President Biden has called out airline seat fees in his campaign against junk fees, but only as it relates to charges so families can sit together.
United made the most public changes, pledging to seat kids 12 and younger with a family member without extra fees, even those on basic economy tickets. American and Delta said they have similar plans in place.
My unscientific search of seat fees for a family of four buying United basic economy tickets found three free seats together in the back row on a flight from Orlando to Newark on a Saturday in May. The fourth passenger would pay $25 for an adjacent seat. That compares with $88 for four standard basic economy seats together without the policy in place.
In a sign of just how lucrative seat revenue is, United says its family-seating guarantee has saved travelers nearly $40 million on more than 1.4 million preferred seats over the past year.
Tough European carriers
Beyond efforts to seat families together, airline seat fees show no signs of abating.

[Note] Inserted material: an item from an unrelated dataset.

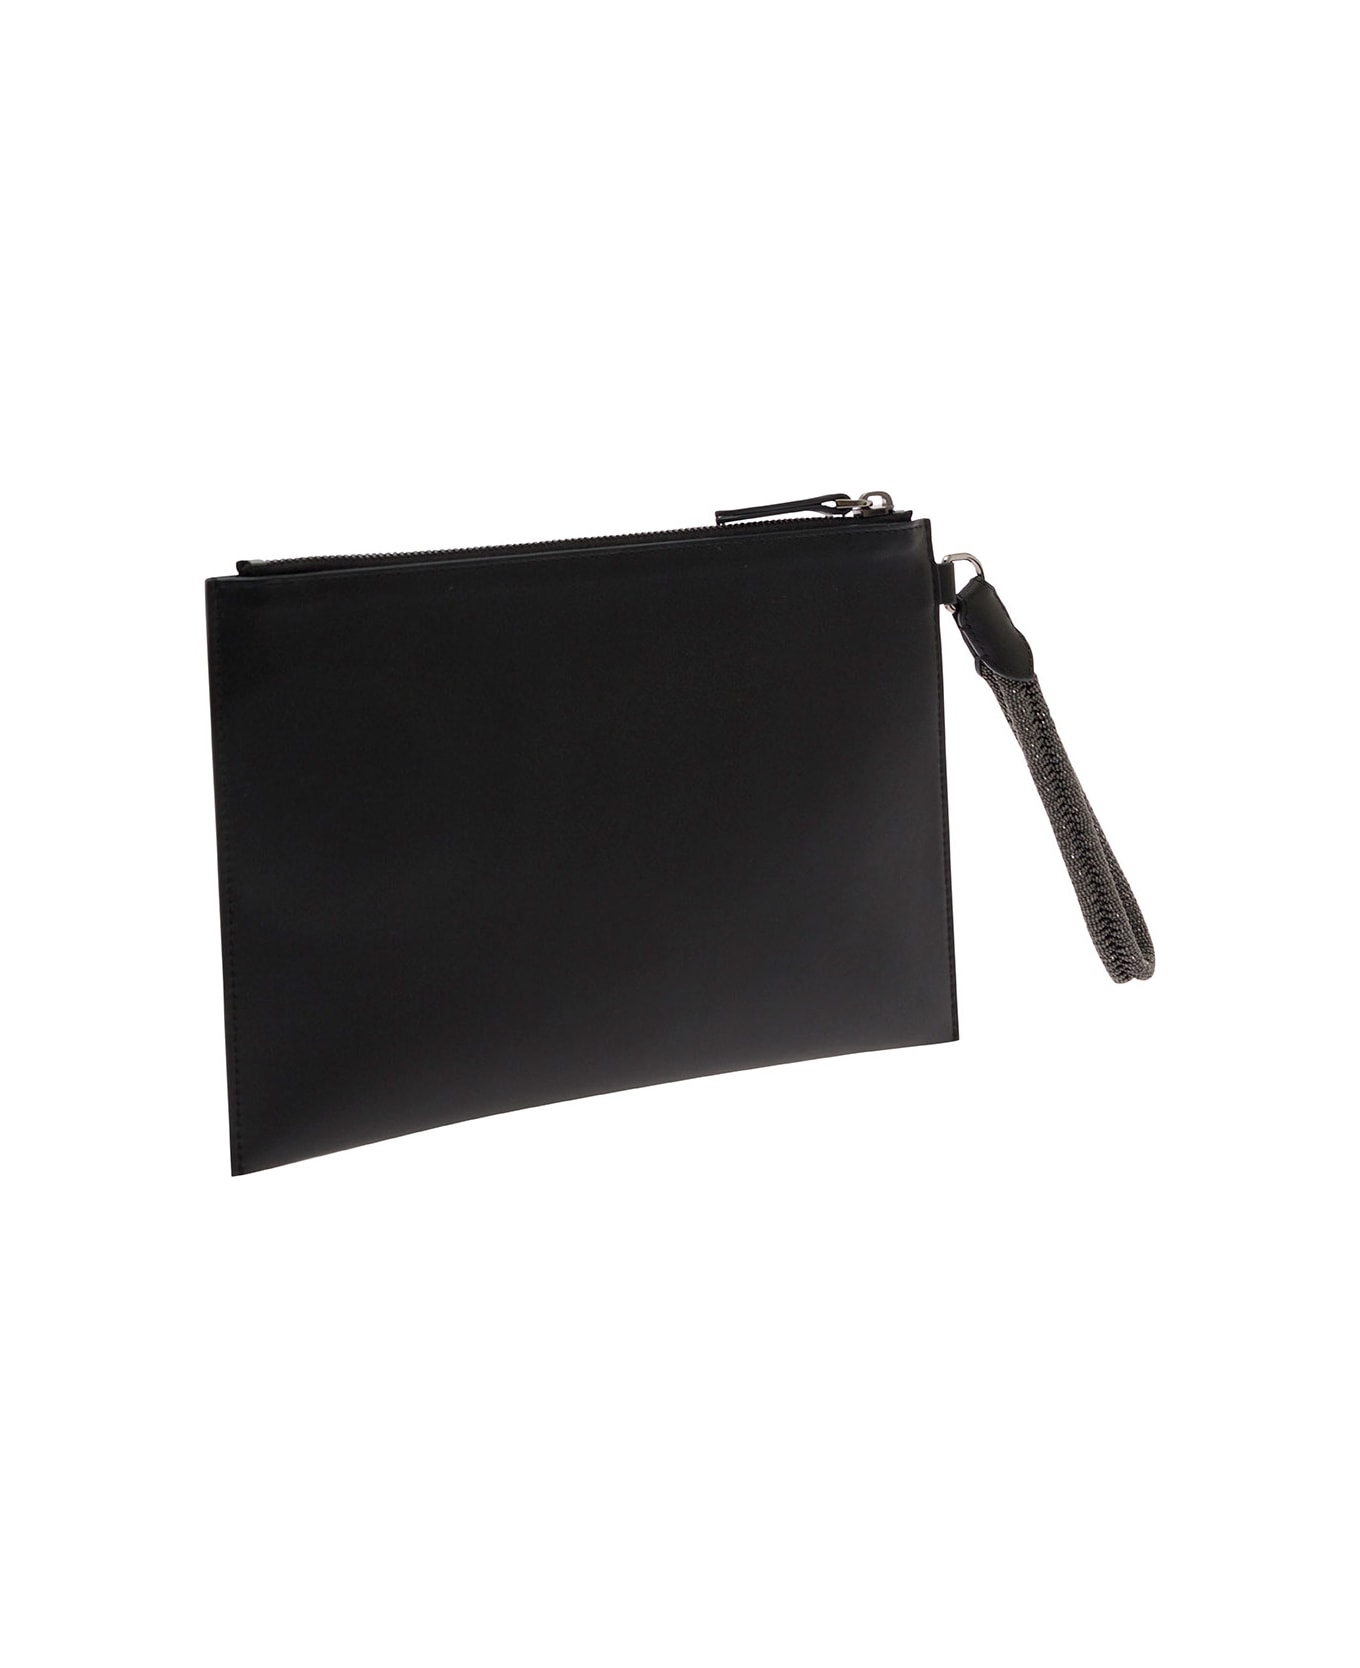 Brunello Cucinelli Black Clutch With Monile Wrist Strap In Leather Woman - Black

Veteran fliers worry that U.S. airlines will adopt even more strict policies like some of their foreign competitors.
Cindy Culbertson, a retired bank regulator who lives in Virginia, is flying Scandinavian carrier SAS to Copenhagen this summer ahead of a 16-day Norway tour. In January, she found what she considered a great business class deal: $2,600 round trip.
When she got to the seat map, she was stunned to find a bunch of price tags for each lie-flat seat. Her seat bill: $250 round trip, including $10 on a short connecting flight.
“I said, ‘You’re kidding me,’" she says. She still paid to lock in the spot she wanted.
British Airways offers no free advance seat assignments to passengers without status, even if you’re flying business class. Passengers can pick a seat when they check in online 24 hours before their flight. (First-class passengers, families with infants and those with medical or accessibility issues can select a seat for free at booking, the airline says.)
Book a $6,200 round-trip British Airways business class ticket for a nonstop flight from Phoenix to London in June and you’ll pay $123 to $158 each way to pick your lie-flat seat at booking.
Gisele Lannamann and her husband paid $50 a person per leg for economy seats for round-trip tickets from Boston to Palma de Mallorca in Spain on Swiss in January.
Lannamann, a retired yacht chef, says they paid for seats so they could sit together in a window and middle seat.
Except they didn’t get the seats they paid for on the flight home. A text from the airline said they would be put in the best available seats. She says no one could help them at the airport or the gate and didn’t offer them a refund. They ended up separated.
They didn’t ask anyone to swap seats.